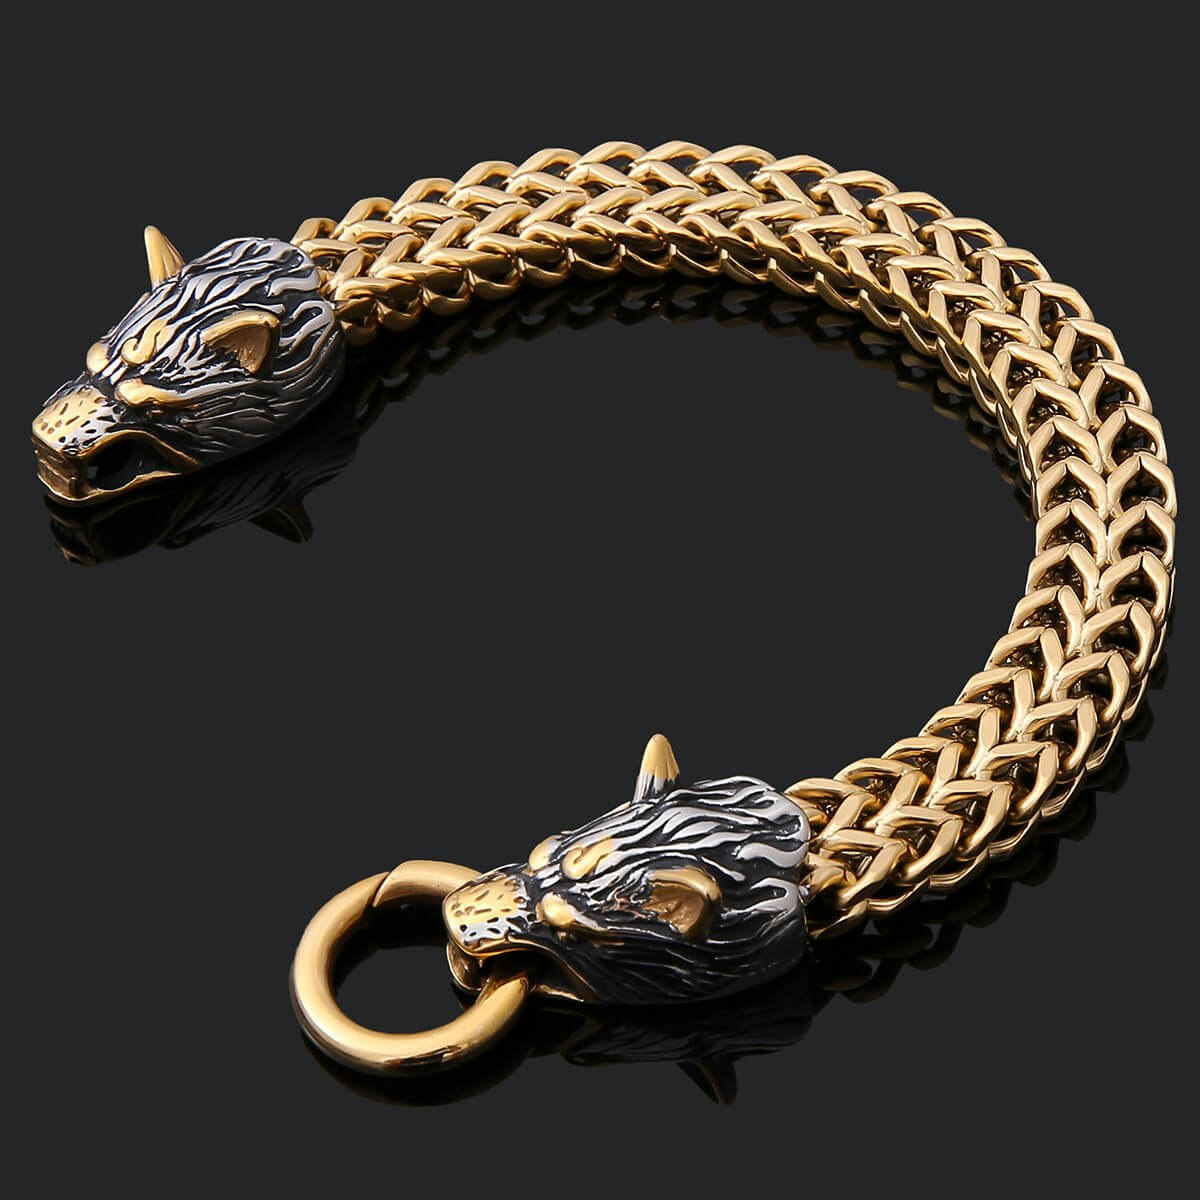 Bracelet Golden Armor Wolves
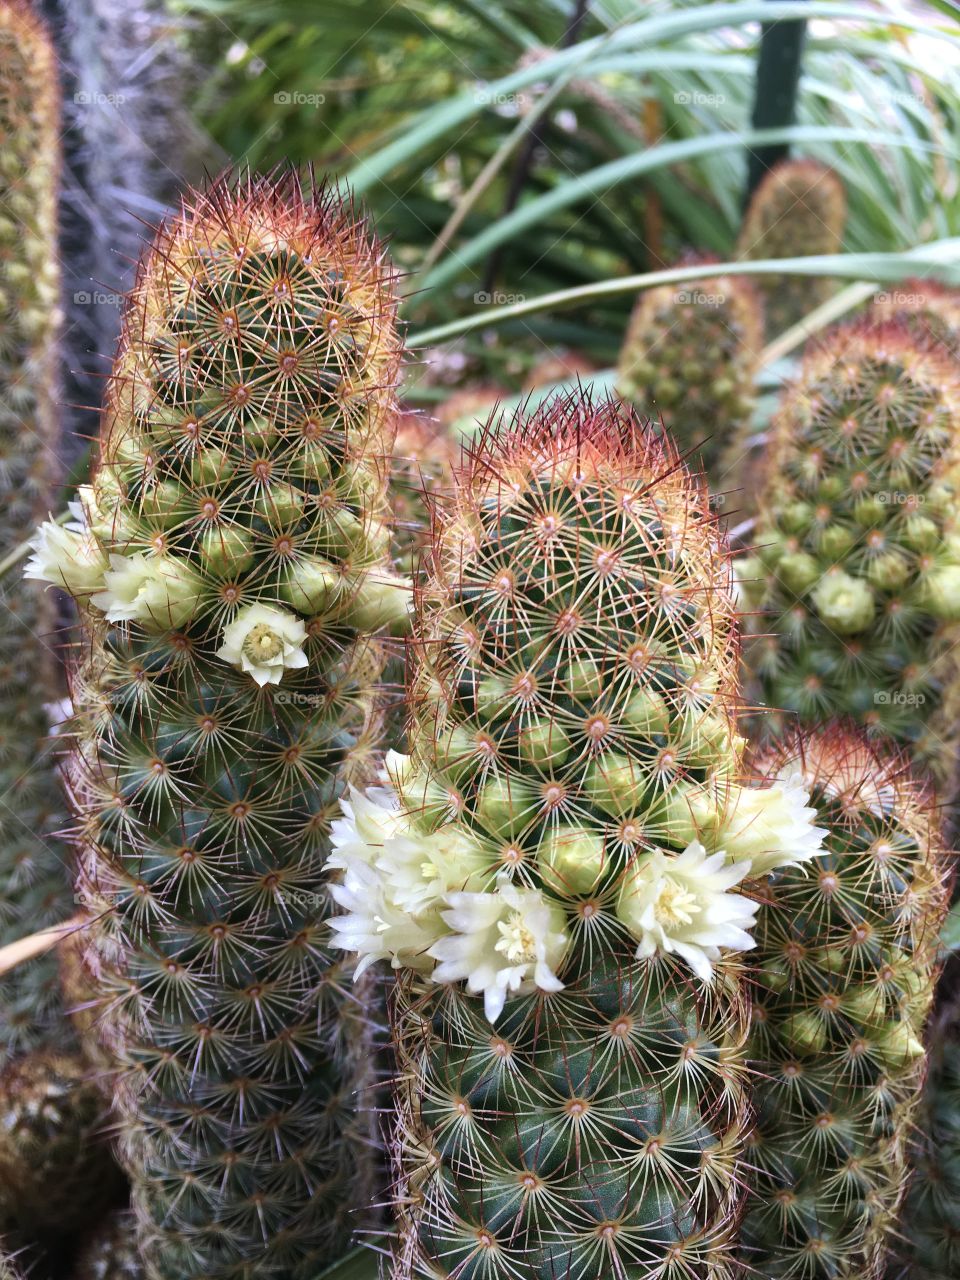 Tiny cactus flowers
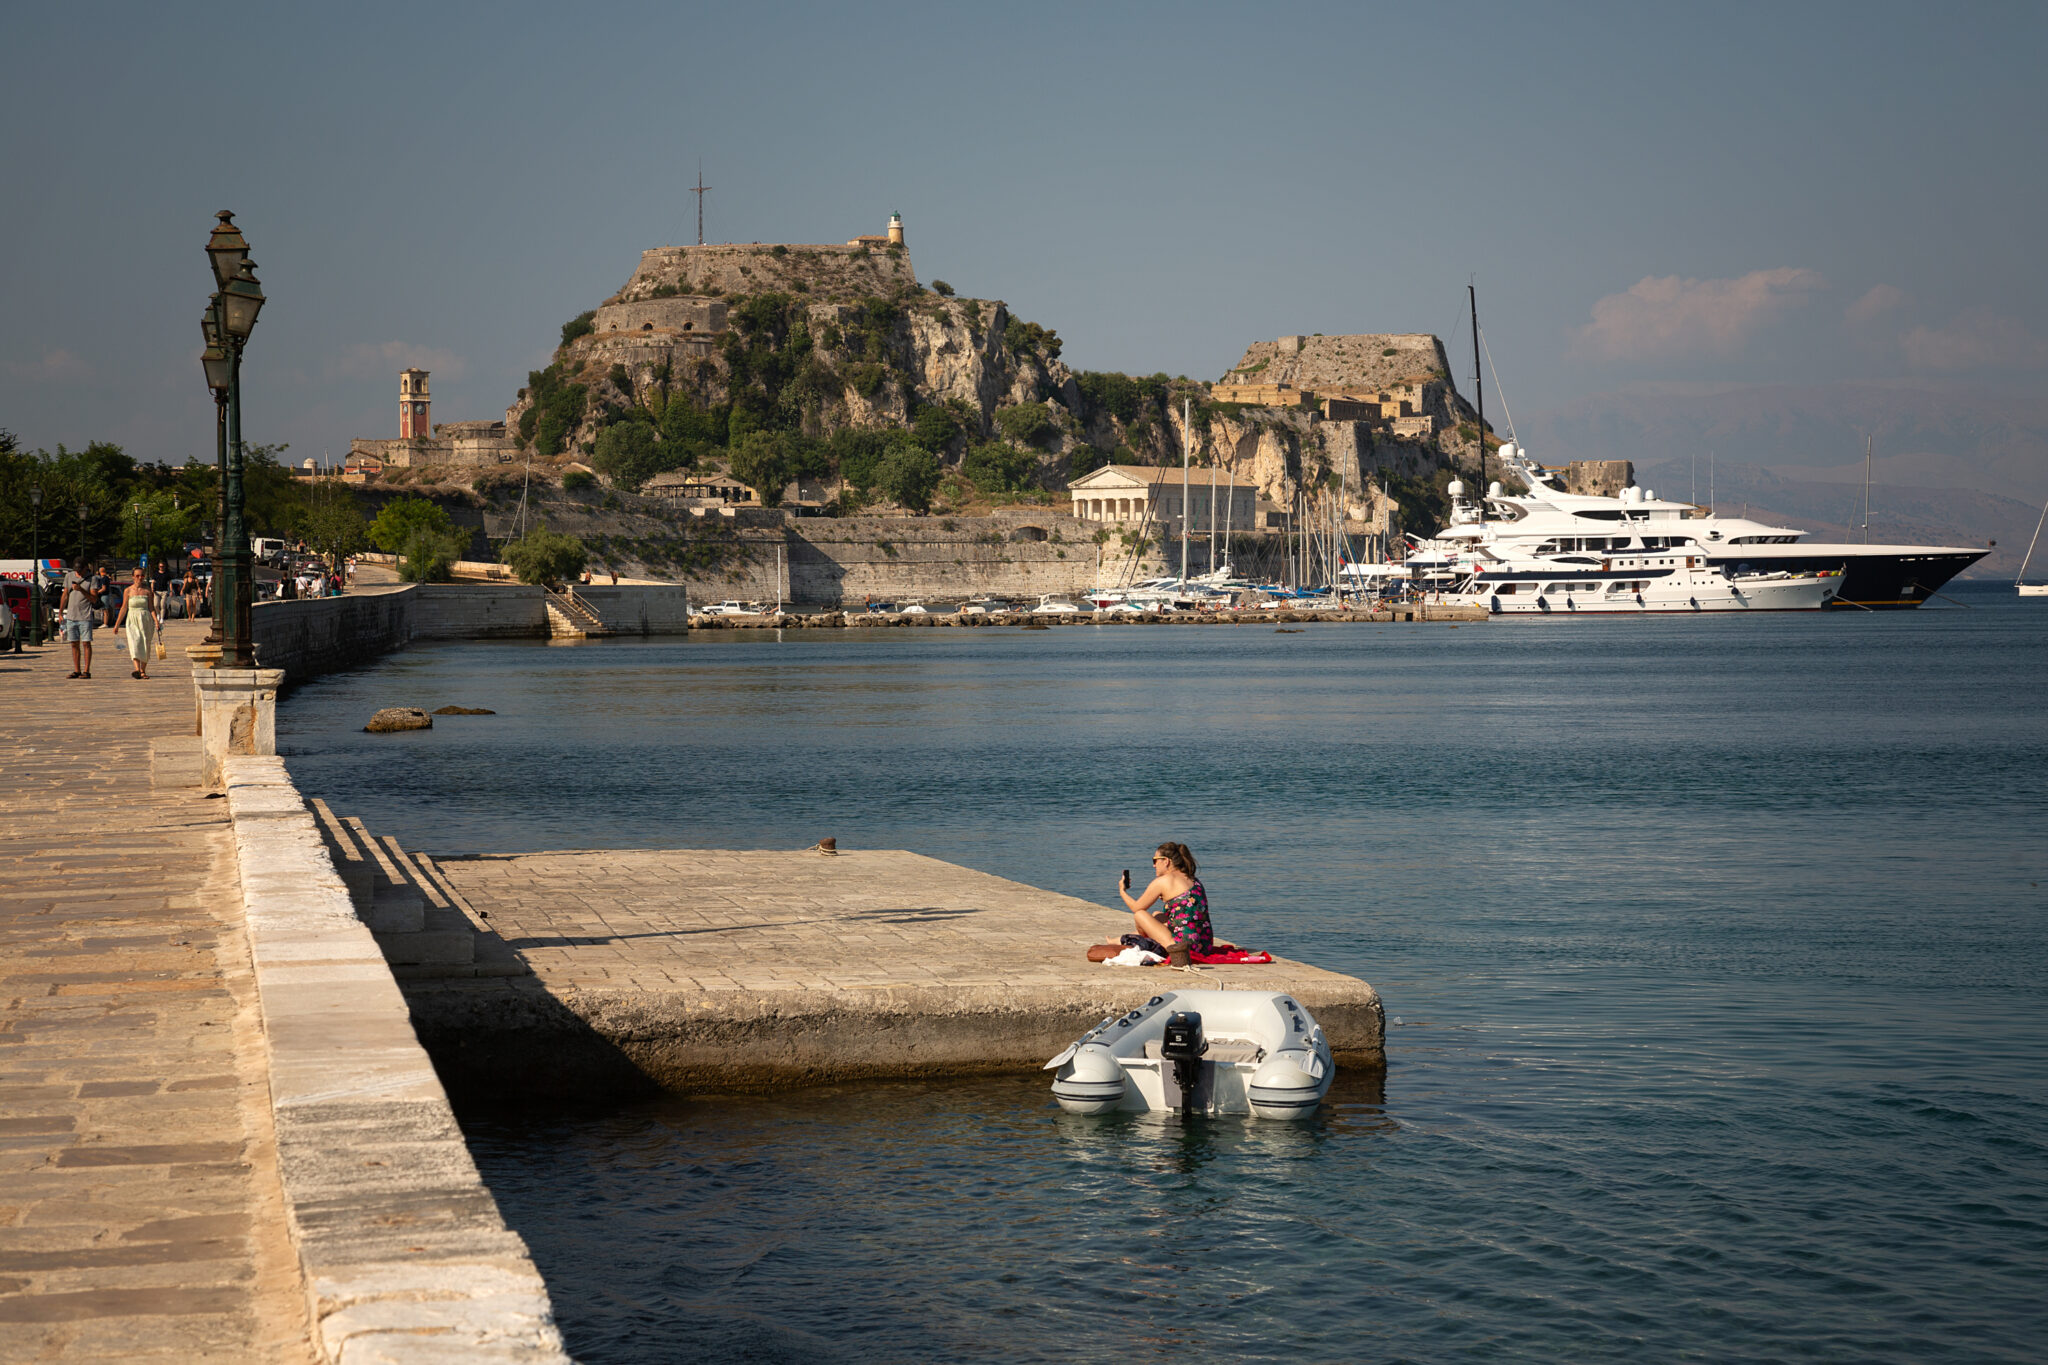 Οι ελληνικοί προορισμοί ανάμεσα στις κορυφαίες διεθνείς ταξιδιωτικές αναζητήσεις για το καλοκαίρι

DIRECTIONS: Every line above should be copied exactly, apart from any pictures.

WRITTEN RESPONSE:
 Bracelet Golden Armor Wolves
 Tiny cactus flowers
 Οι ελληνικοί προορισμοί ανάμεσα στις κορυφαίες διεθνείς ταξιδιωτικές αναζητήσεις για το καλοκαίρι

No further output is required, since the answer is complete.